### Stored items
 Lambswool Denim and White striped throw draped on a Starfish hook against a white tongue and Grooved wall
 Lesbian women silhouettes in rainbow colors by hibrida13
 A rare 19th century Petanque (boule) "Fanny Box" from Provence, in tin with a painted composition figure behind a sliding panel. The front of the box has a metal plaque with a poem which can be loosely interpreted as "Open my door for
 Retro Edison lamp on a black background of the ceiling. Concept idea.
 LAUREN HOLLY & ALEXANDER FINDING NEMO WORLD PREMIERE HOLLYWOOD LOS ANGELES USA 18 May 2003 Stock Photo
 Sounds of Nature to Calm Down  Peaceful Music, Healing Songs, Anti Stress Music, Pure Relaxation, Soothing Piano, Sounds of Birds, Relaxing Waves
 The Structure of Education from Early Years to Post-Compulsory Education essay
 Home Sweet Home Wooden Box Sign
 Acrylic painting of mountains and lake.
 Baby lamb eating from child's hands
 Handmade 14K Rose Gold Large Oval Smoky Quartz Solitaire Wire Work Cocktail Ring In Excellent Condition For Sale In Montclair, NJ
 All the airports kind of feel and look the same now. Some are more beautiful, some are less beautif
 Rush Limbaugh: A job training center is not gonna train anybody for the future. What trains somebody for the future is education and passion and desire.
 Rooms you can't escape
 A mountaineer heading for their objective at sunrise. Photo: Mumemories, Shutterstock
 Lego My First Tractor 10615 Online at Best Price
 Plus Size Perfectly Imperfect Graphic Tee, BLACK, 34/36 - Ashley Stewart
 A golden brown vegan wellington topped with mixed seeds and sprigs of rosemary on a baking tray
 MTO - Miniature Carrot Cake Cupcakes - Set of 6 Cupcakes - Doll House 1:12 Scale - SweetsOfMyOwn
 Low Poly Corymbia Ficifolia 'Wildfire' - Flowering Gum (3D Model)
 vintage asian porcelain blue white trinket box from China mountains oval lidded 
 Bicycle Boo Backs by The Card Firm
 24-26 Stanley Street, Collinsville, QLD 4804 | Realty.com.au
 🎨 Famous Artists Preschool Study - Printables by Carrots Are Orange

### ASSIGNMENT
Find "Lego My First" in the entries above and copy that whole line exactly, then each line after it through the line that contains "MTO - Miniature".

### RESULT OF THIS TASK
 Lego My First Tractor 10615 Online at Best Price
 Plus Size Perfectly Imperfect Graphic Tee, BLACK, 34/36 - Ashley Stewart
 A golden brown vegan wellington topped with mixed seeds and sprigs of rosemary on a baking tray
 MTO - Miniature Carrot Cake Cupcakes - Set of 6 Cupcakes - Doll House 1:12 Scale - SweetsOfMyOwn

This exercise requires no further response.